- [Problem]
Please output the line containing "Nutrição completa e" and all lines that follow it in the data below, exactly, with no pictures.

- [Data excerpt]
------
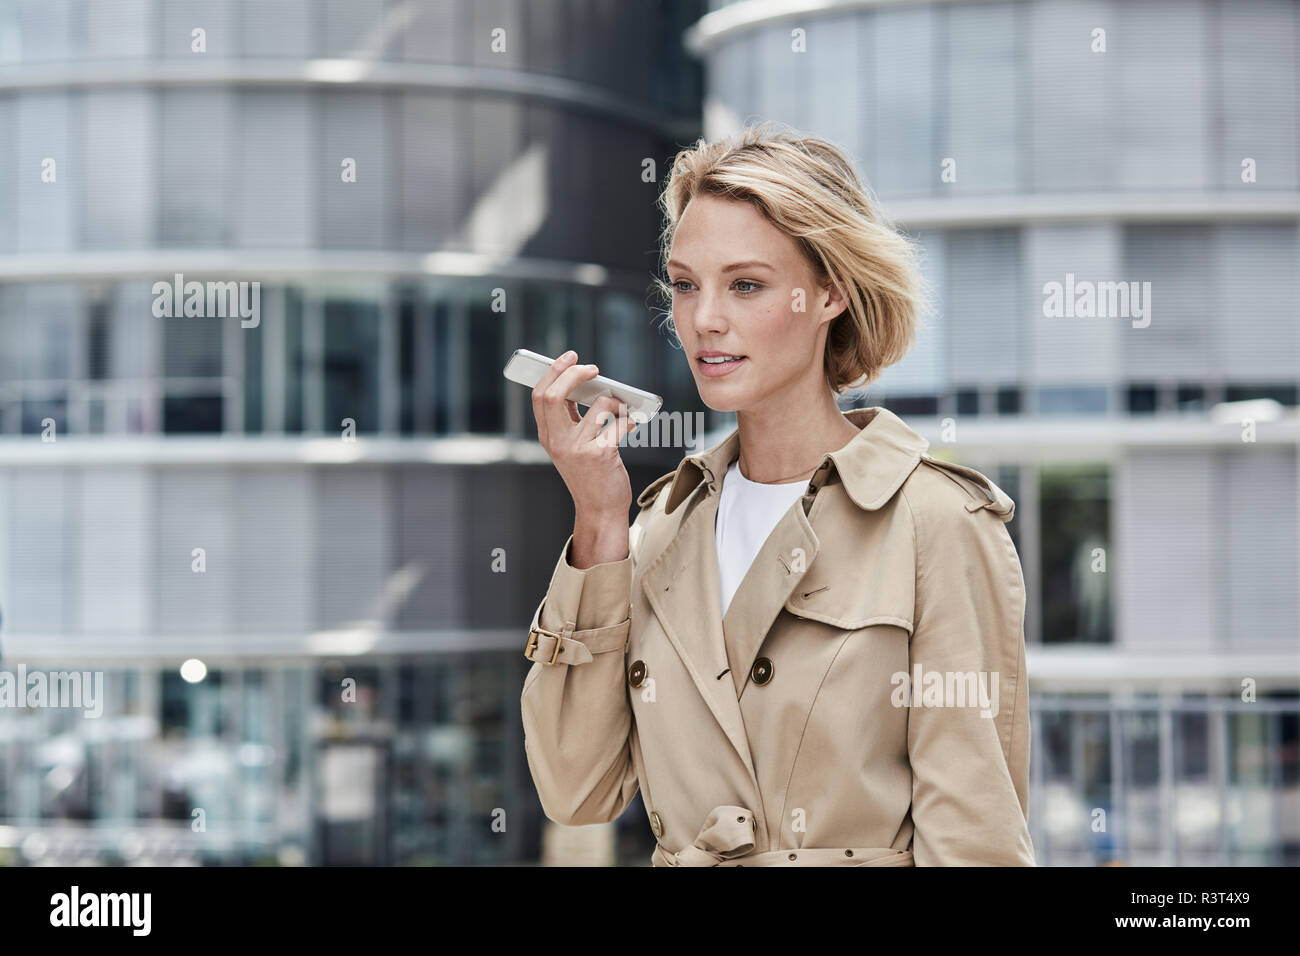 Alemania, Duesseldorf, retrato de la rubia empresaria vistiendo beige trinchera utilizando el smartphone Foto de stock
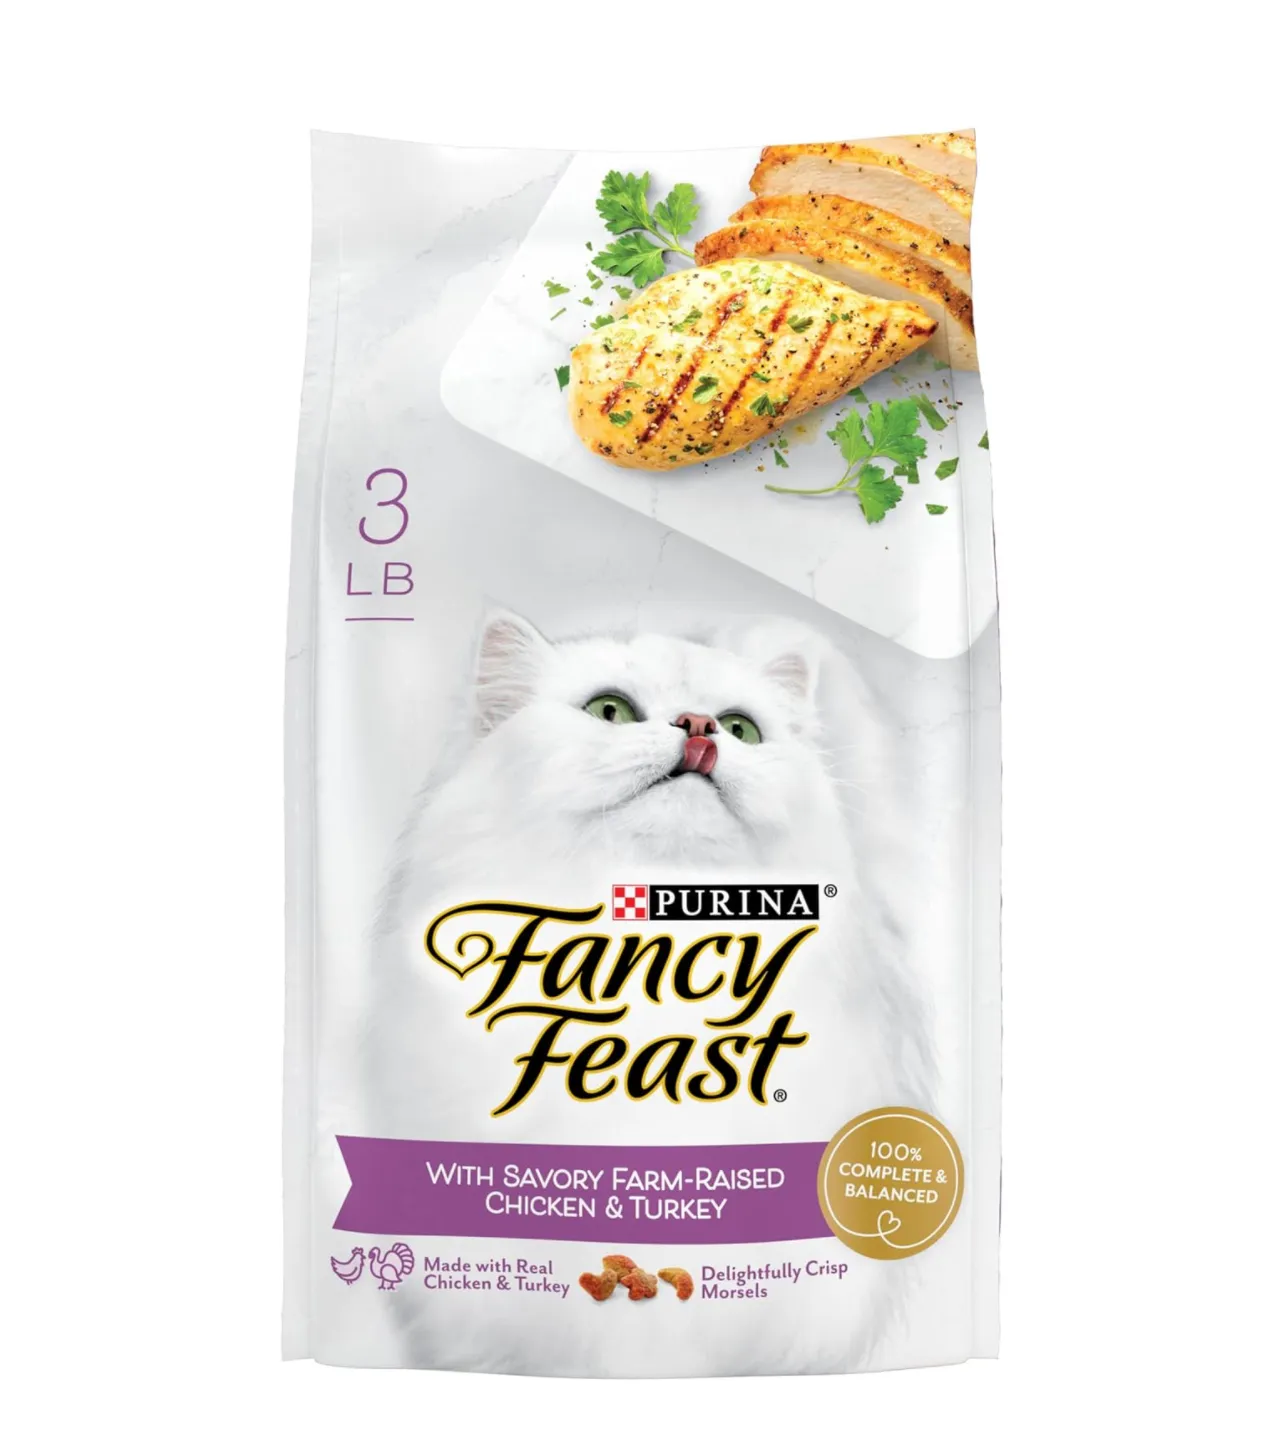 Nutrição completa e equilibrada Ração seca para gatos com frango e peru saborosos, Festa Fantasia, saco de 3 libras
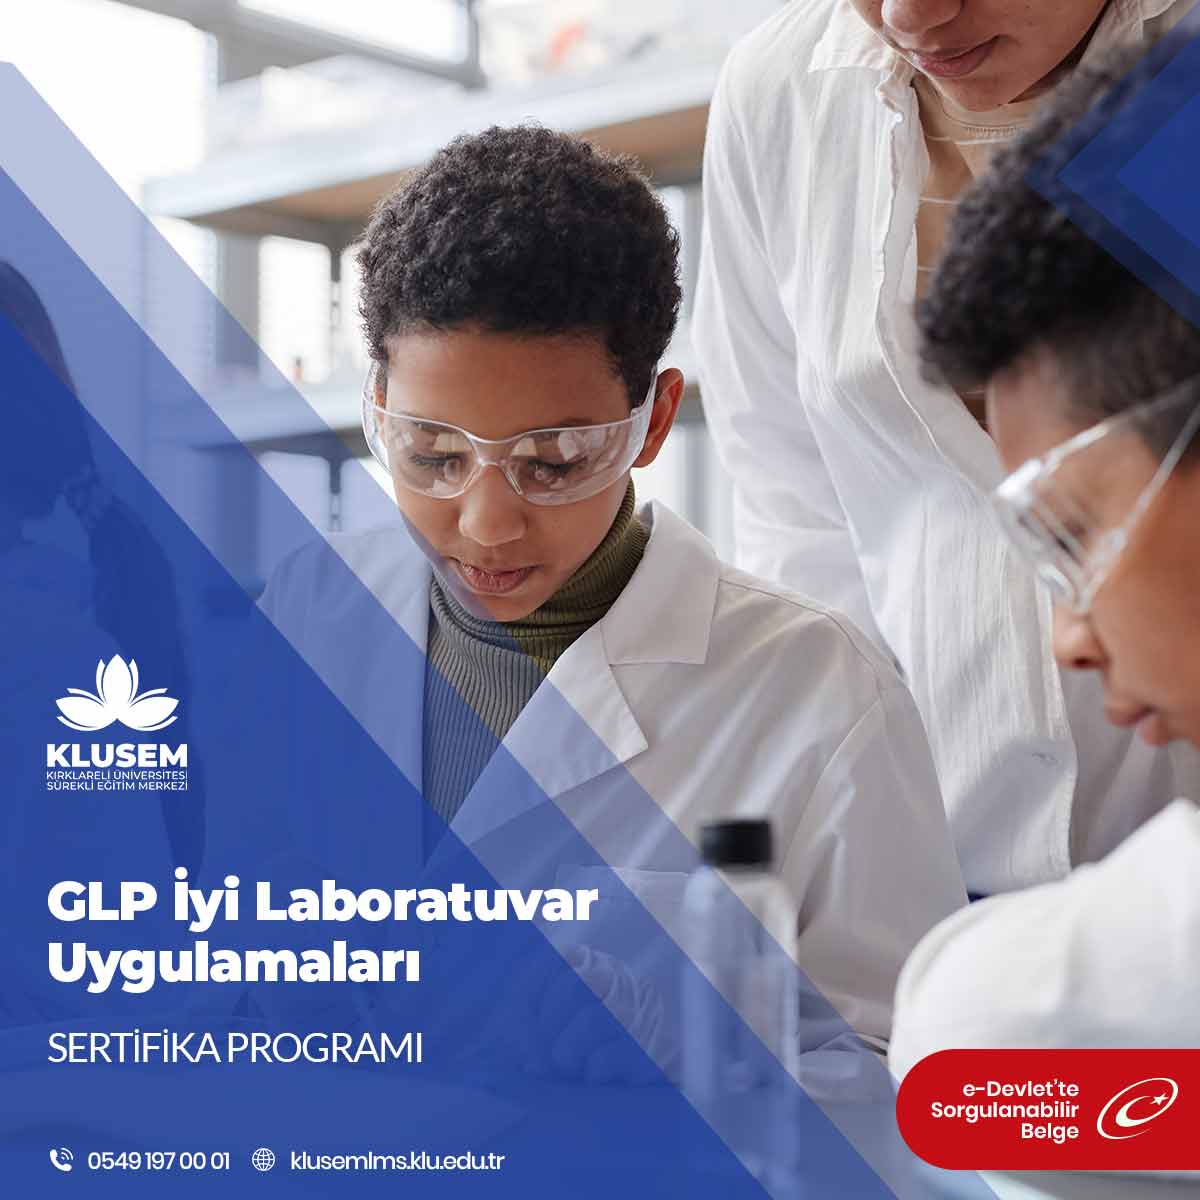 GLP İyi Laboratuvar Uygulamaları Sertifika Programı
------
- [Output for this task]
 Nutrição completa e equilibrada Ração seca para gatos com frango e peru saborosos, Festa Fantasia, saco de 3 libras
 GLP İyi Laboratuvar Uygulamaları Sertifika Programı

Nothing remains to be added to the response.